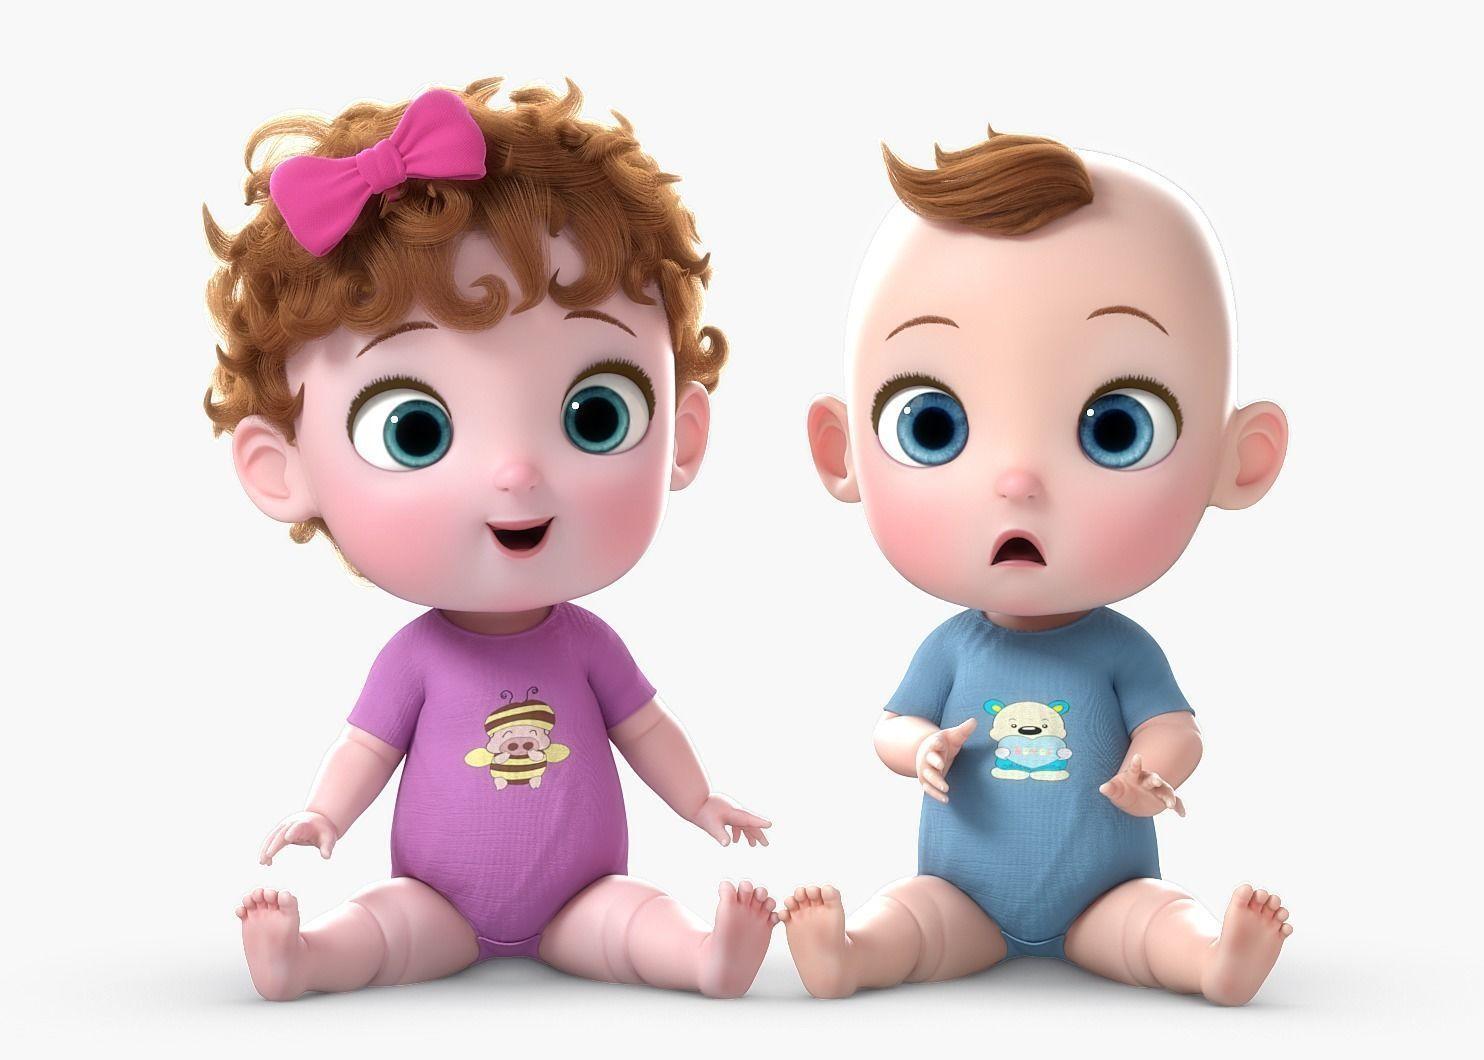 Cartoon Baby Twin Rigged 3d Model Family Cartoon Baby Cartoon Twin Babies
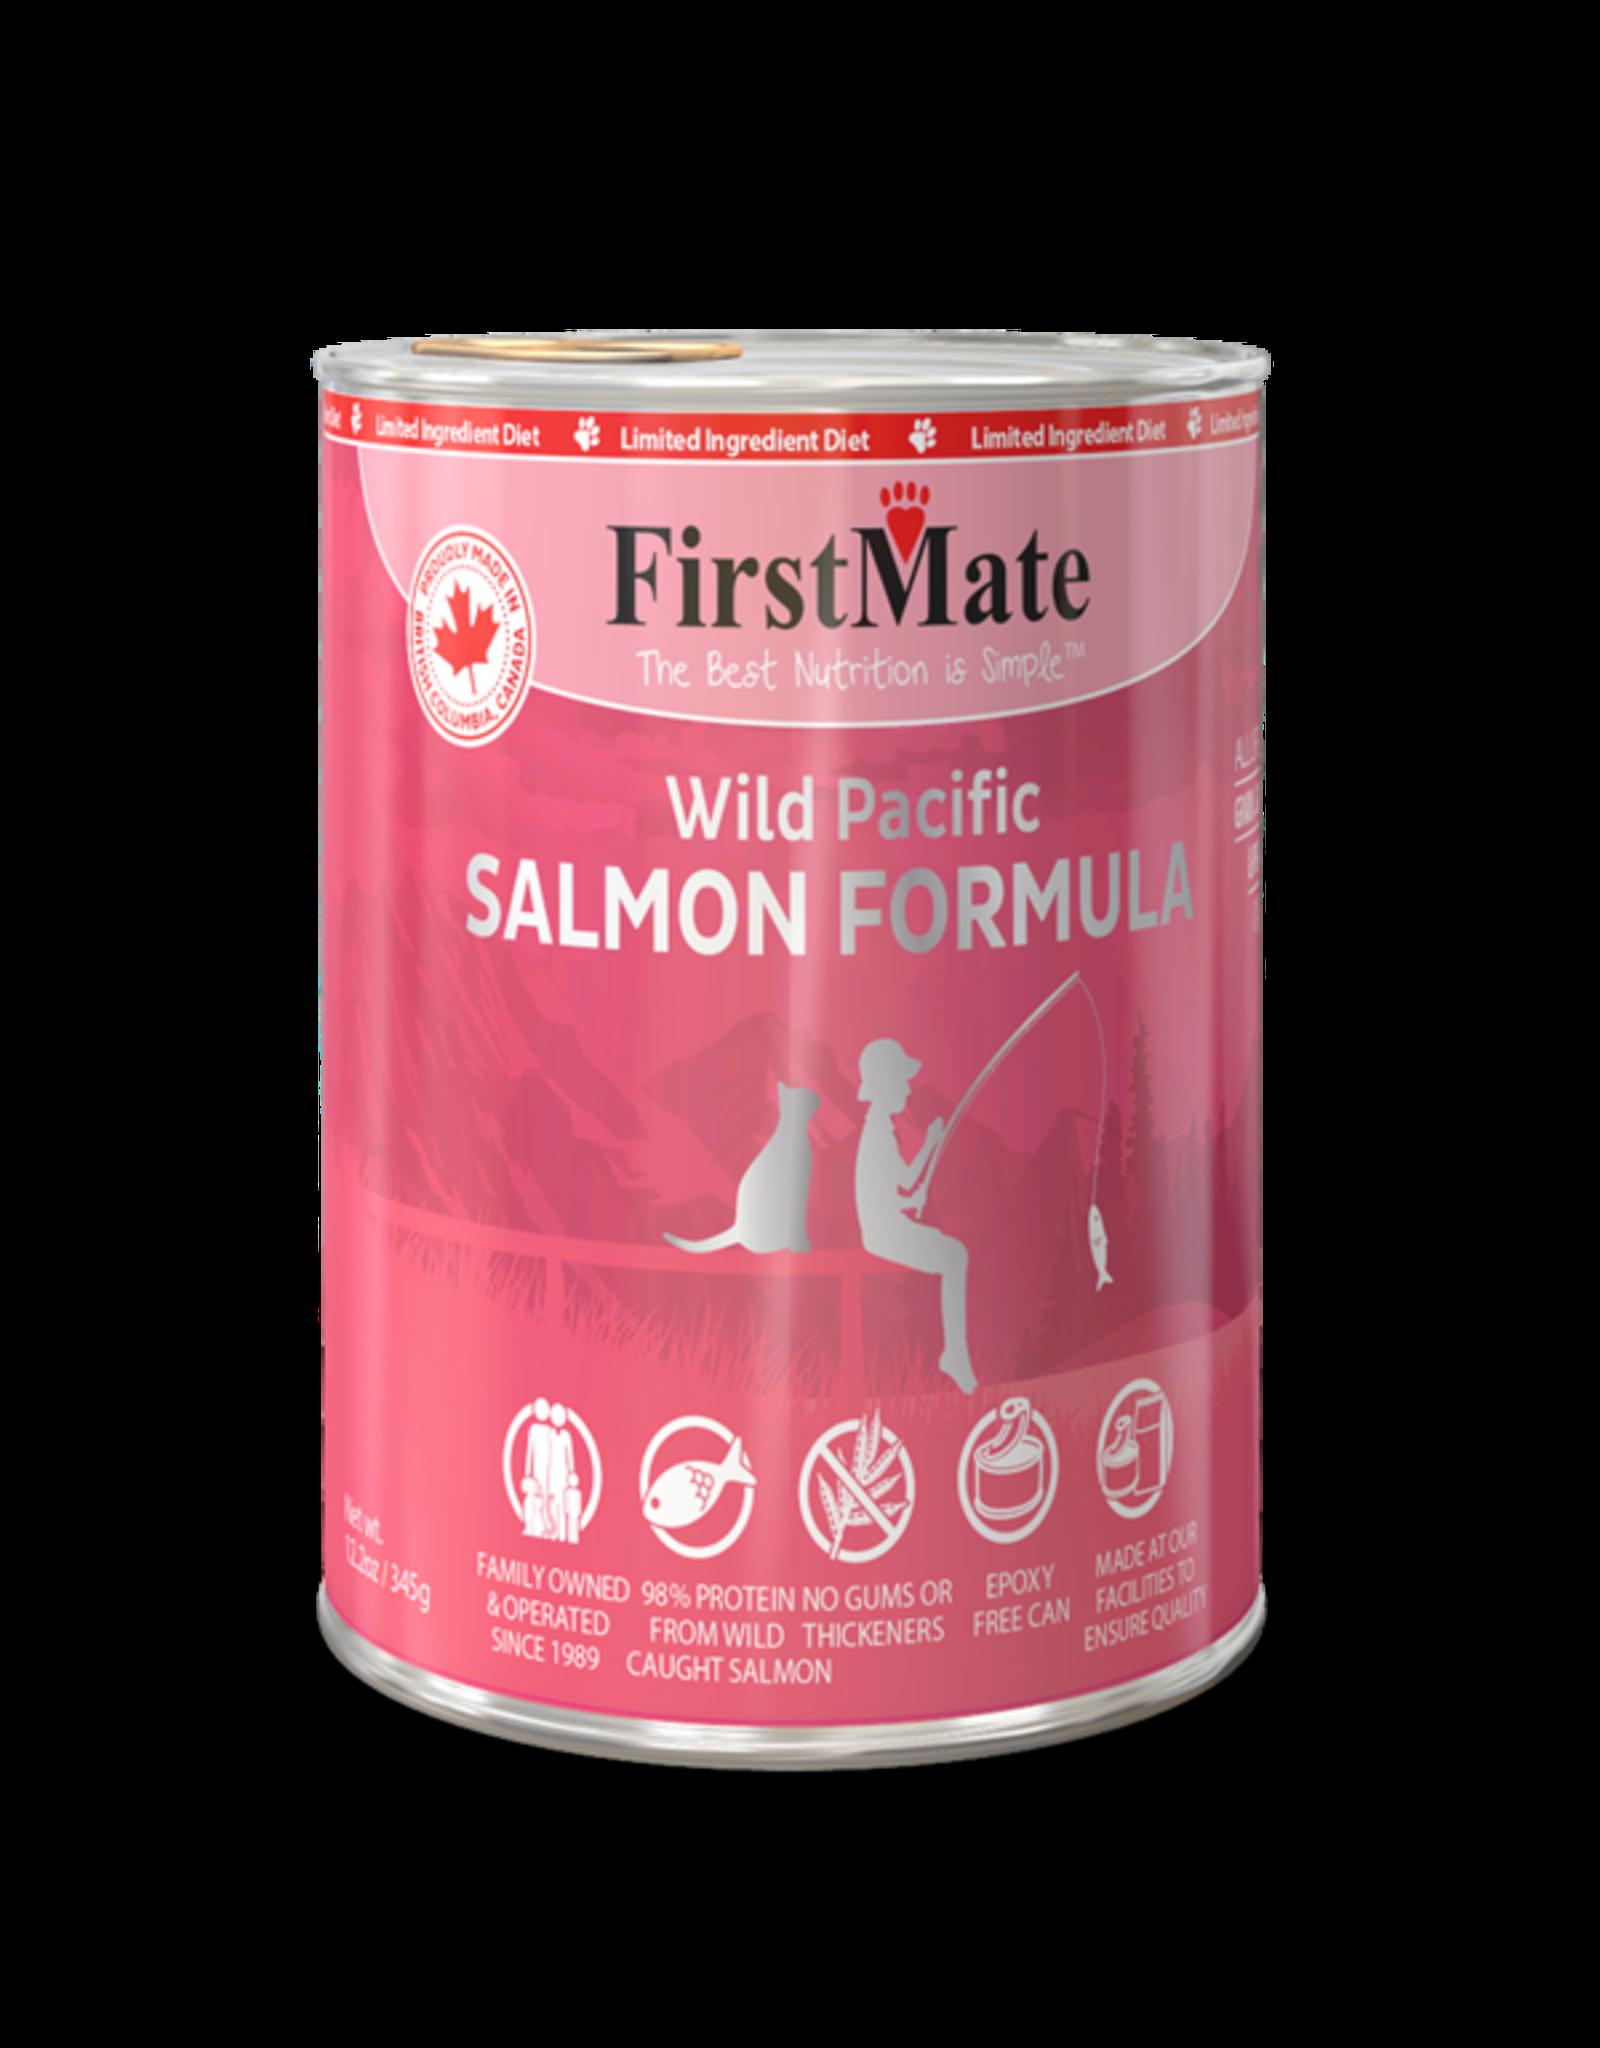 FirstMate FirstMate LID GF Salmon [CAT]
---
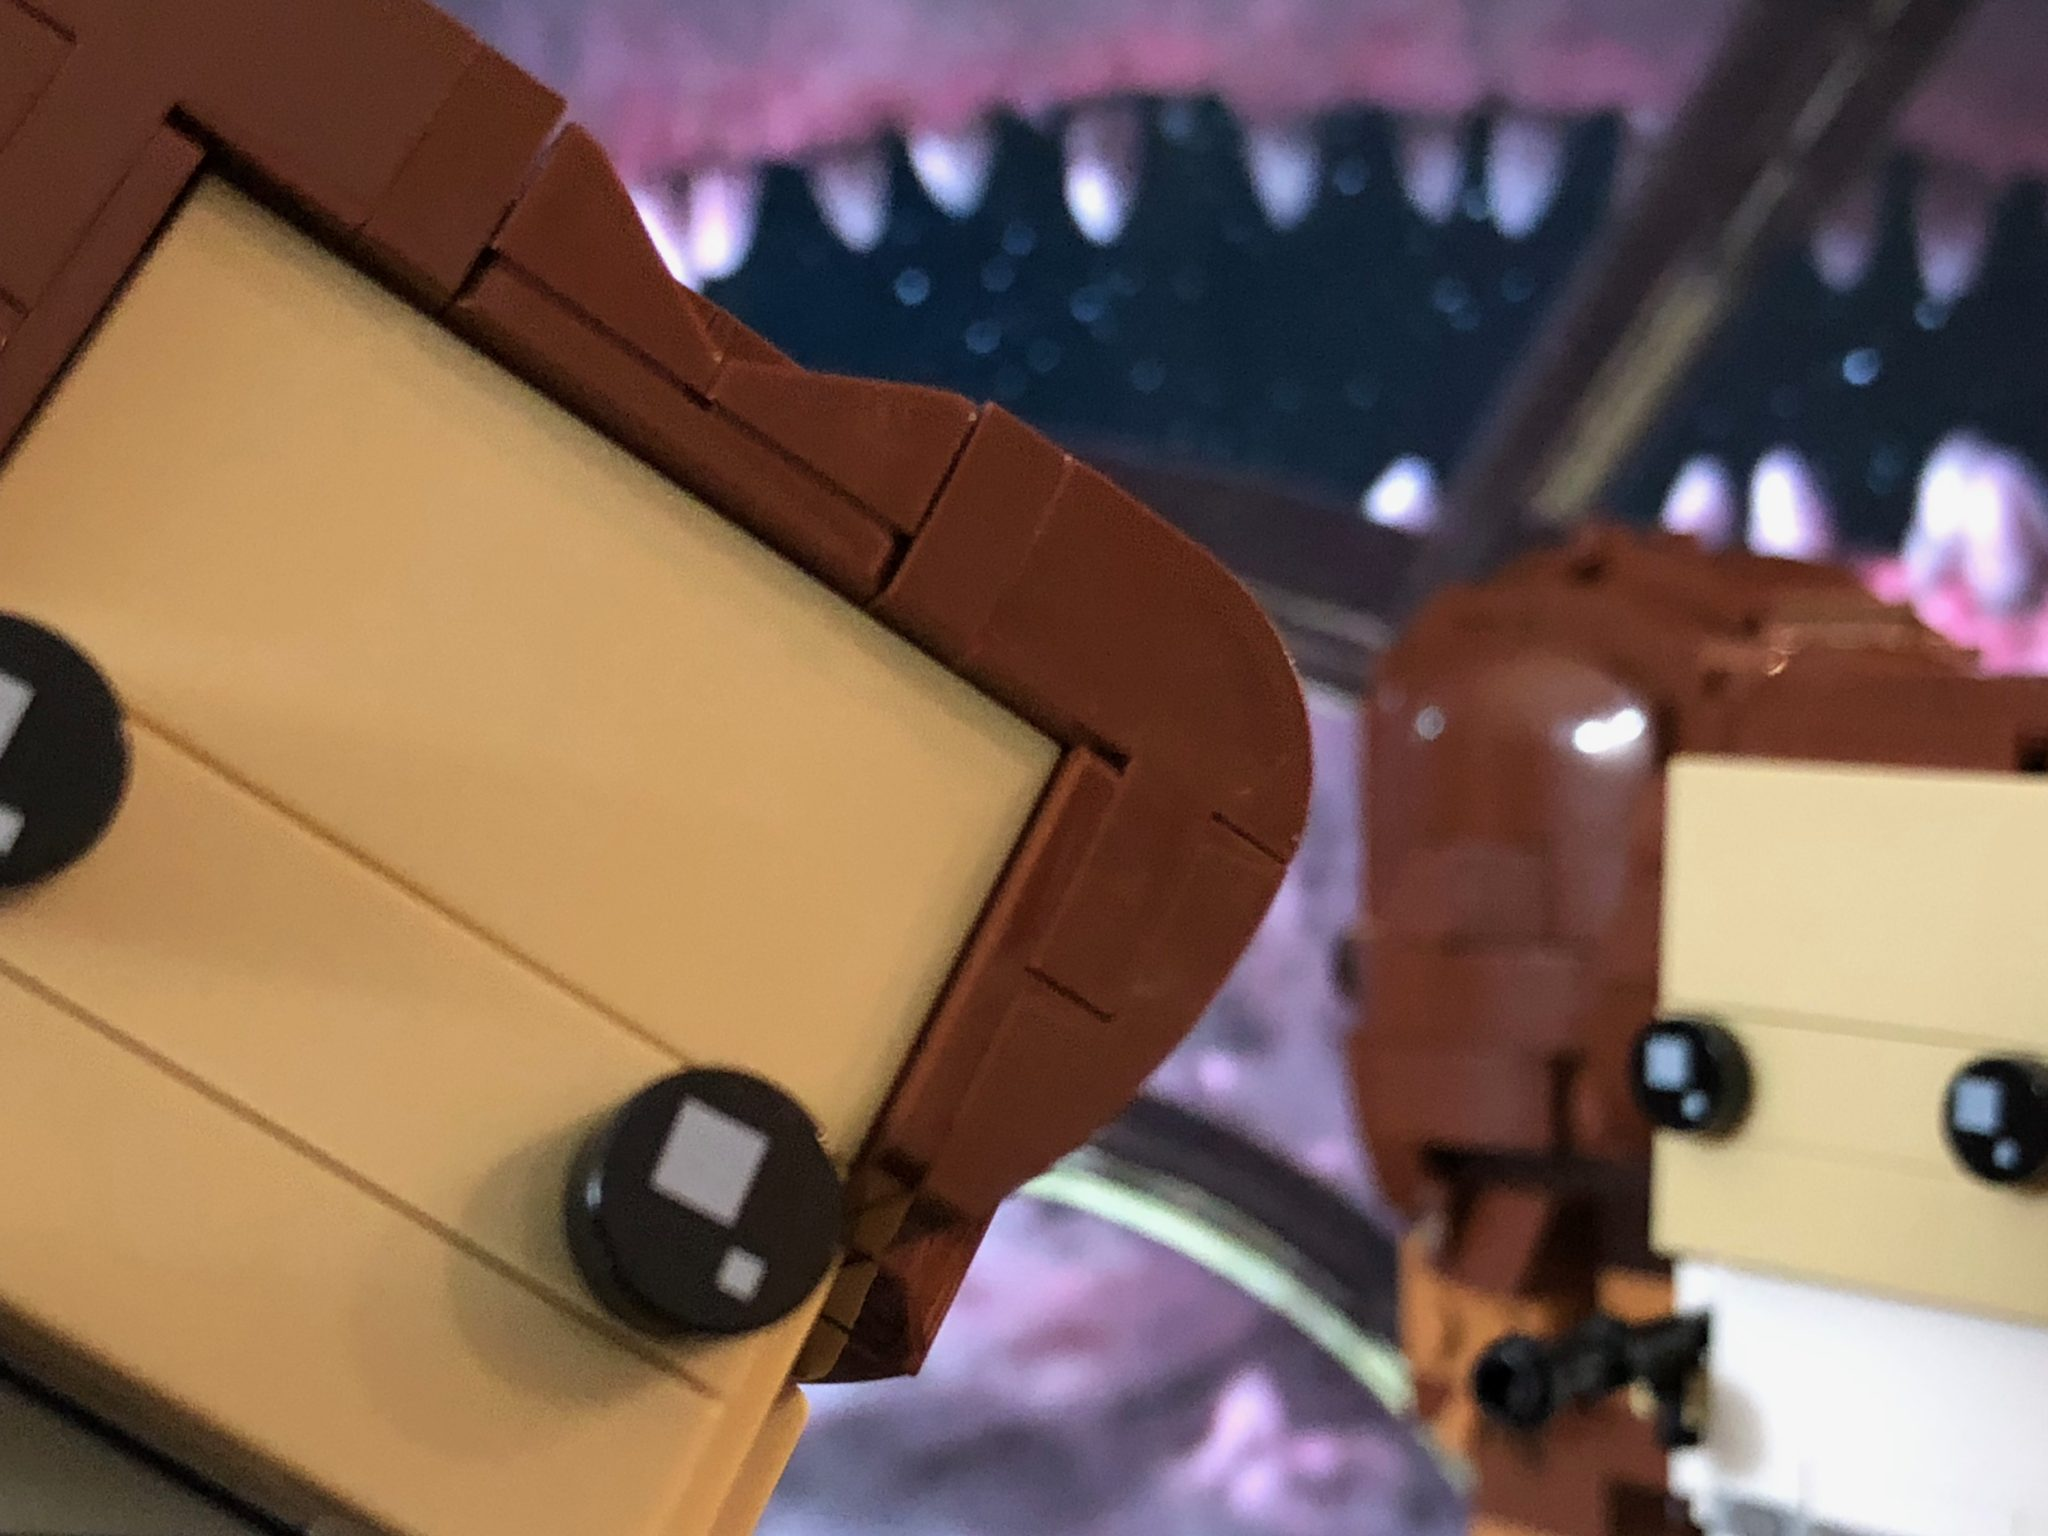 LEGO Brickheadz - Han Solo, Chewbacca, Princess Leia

Prompt » Output exactly the lines above that lie between the line with "Cartoon Baby Twin" and the line with "FirstMate FirstMate LID GF Salmon [CAT]", those two lines included, and no pictures.

Result of the exercise »
 Cartoon Baby Twin Rigged 3d Model Family Cartoon Baby Cartoon Twin Babies
 FirstMate FirstMate LID GF Salmon [CAT]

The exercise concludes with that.